Selasa 07 Jul 2020 03:23 WIB

Pukat UGM: Dinasti Politik Lekat dengan Korupsi

Tak bisa dinafikan bahwa dinasti politik memberikan efek negatif.

Rep: Dian Fath Risalah/ Red: Esthi Maharani
Tersangka Bupati Kutai Timur Ismunandar mengenakan rompi tahanan usai diperiksa di Gedung KPK, Jumat (3/7). KPK menetapkan tujuh tersangka dalam kegiatan tangkap tangan atas kasus korupsi dalam bentuk penerimaan hadiah atau janji terkait pekerjaan infrastruktur di lingkungan Kabupaten Kutai Timur diantaranya  Bupati Kutai Timur dan istrinya sekaligus Ketua DPRD Kutai Timur Ence UR Firgasih serta, Kepala Bapenda dengan inisial (MUS), Kepala BPKAD (SUR), Kepala DInas PU (ASW), JA dan AM selaku rekanan dengan barang bukti uang tunai senilai Rp170 juta, Saldo tabungan Rp4,8 Miliar, dan sertifikat deposito sebesar Rp1,2 M.
Foto: Republika/Thoudy Badai
Tersangka Bupati Kutai Timur Ismunandar mengenakan rompi tahanan usai diperiksa di Gedung KPK, Jumat (3/7). KPK menetapkan tujuh tersangka dalam kegiatan tangkap tangan atas kasus korupsi dalam bentuk penerimaan hadiah atau janji terkait pekerjaan infrastruktur di lingkungan Kabupaten Kutai Timur diantaranya Bupati Kutai Timur dan istrinya sekaligus Ketua DPRD Kutai Timur Ence UR Firgasih serta, Kepala Bapenda dengan inisial (MUS), Kepala BPKAD (SUR), Kepala DInas PU (ASW), JA dan AM selaku rekanan dengan barang bukti uang tunai senilai Rp170 juta, Saldo tabungan Rp4,8 Miliar, dan sertifikat deposito sebesar Rp1,2 M.
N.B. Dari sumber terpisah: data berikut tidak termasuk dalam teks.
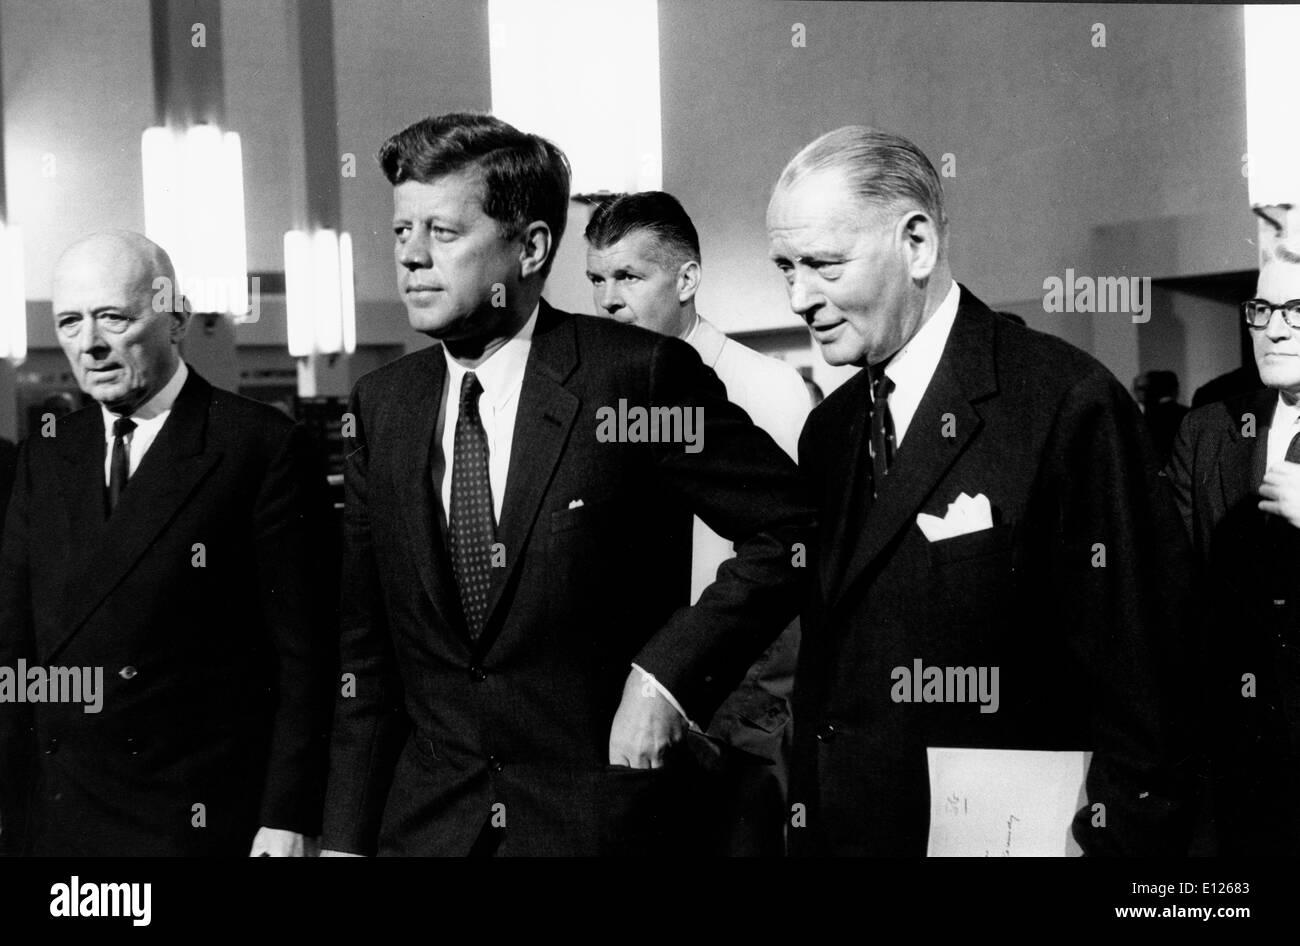 Aug 21, 2006; London, UK; JOHN FITZGERALD KENNEDY (May 29, 1917 Ð November 22, 1963), often referred to as John F. Kennedy, JFK - Stock Image

REPUBLIKA.CO.ID, JAKARTA - Peneliti Pusat Kajian Anti Korupsi (Pukat) UGM  Zaenur Rahman menilai, tertangkapnya Bupati Kutai Timur (Kutim) Ismunandar dan istrinya yang merupakan Ketua DPRD Kutim, Encek Unguria R Firgasih makin memperjelas dinasti politik lekat dengan tindak pidana korupsi. Pada Jumat (3/7), KPK menetapkan keduanya bersama lima orang lainnya sebagai tersangka dugaan suap proyek infrastruktur. 

"Bupati Kutai Timur semakin menegaskan bahwa dinasti politik di Indonesia lekat dengan tindak pidana korupsi," kata Zaenur kepada Republika, Senin (6/7).
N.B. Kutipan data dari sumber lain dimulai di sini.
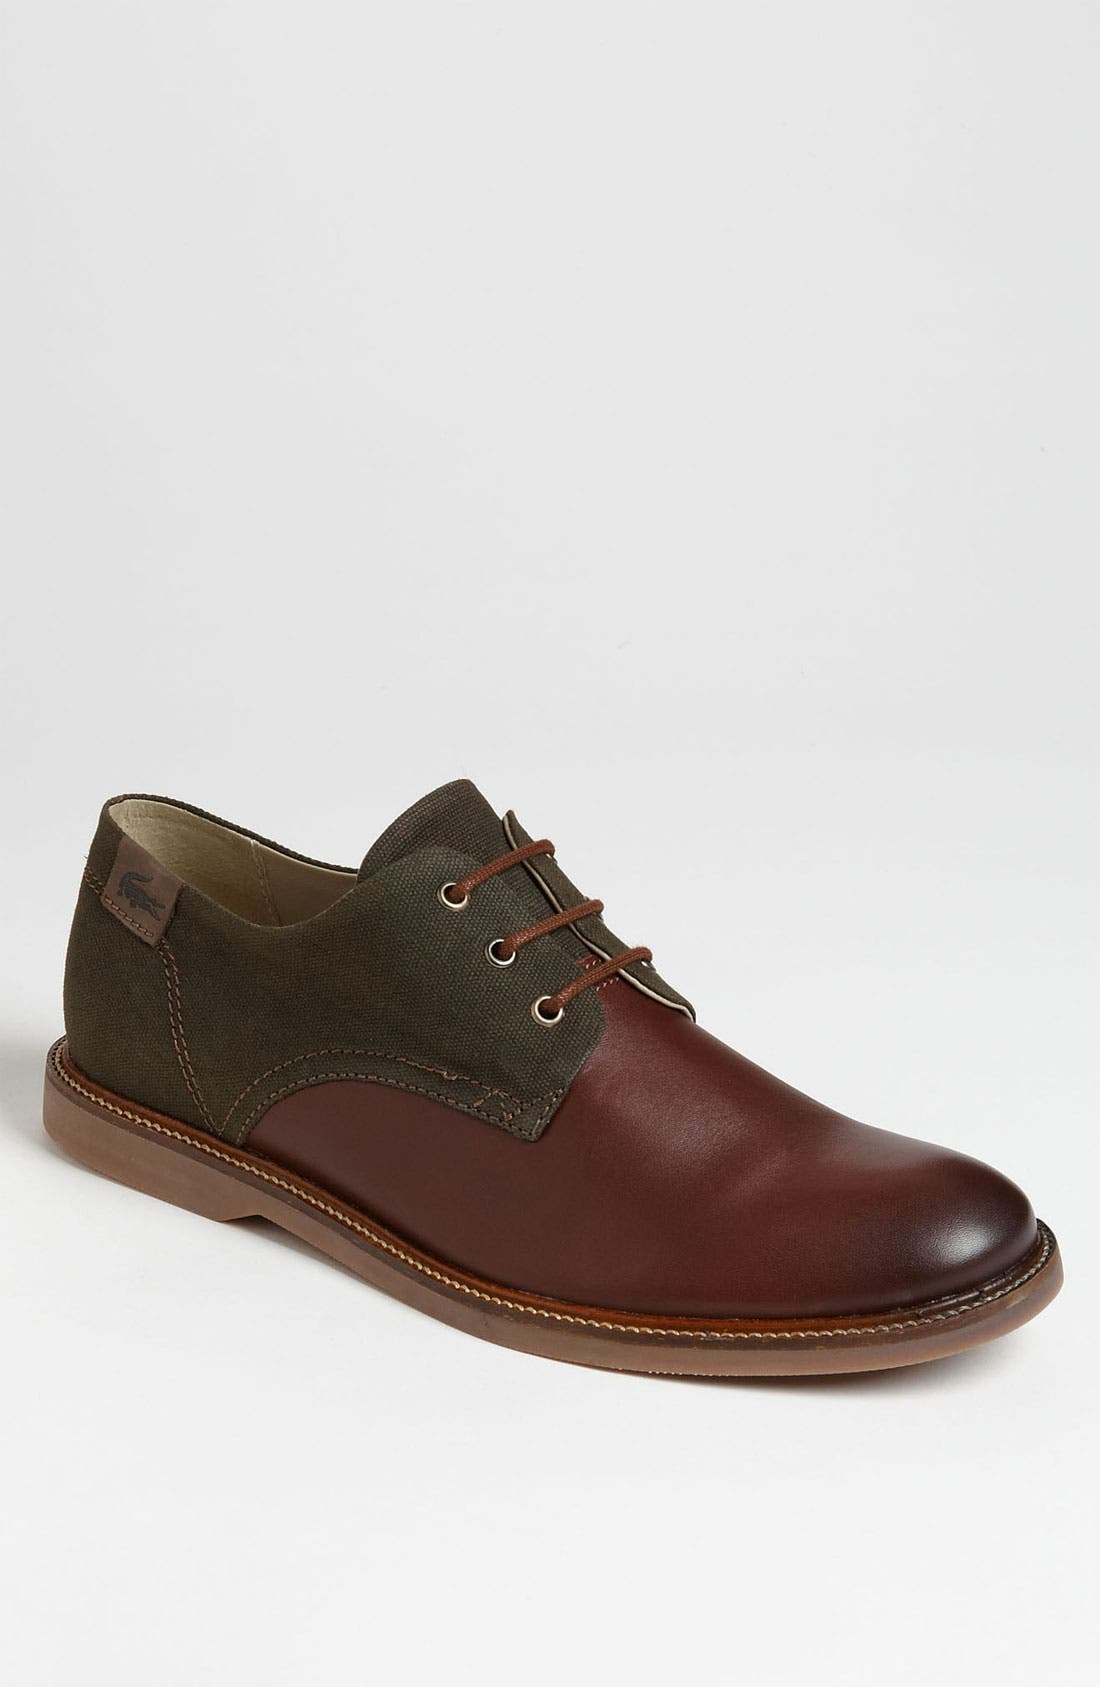 Alternate Image 1 Selected - Lacoste 'Sherbrooke 5' Buck Shoe

Meskipun, lanjut dia, hingga kini dinasti politik bukan merupakan satu perbuatan atau suatu kondisi yang dilarang oleh peraturan perundang-undangan. Namun, tak bisa dinafikan bahwa dinasti politik memberikan efek negatif. 

Salah satunya potensi korupsi yang sangat besar. Hal tersebut karena dengan adanya dinasti politik mengakibatkan semakin lemahnya pengawasan karena beberapa elemen kekuasaan telah dipegang keluarga.

Dengan hilangnya pengawasan menjadikan mutlaknya kekuasaan suatu keluarga di daerah. Hal tersebut mengakibatkan seluruh sumber daya dikuasai oleh keluaraga, baik sumber daya politik maupun sumber daya ekonomi.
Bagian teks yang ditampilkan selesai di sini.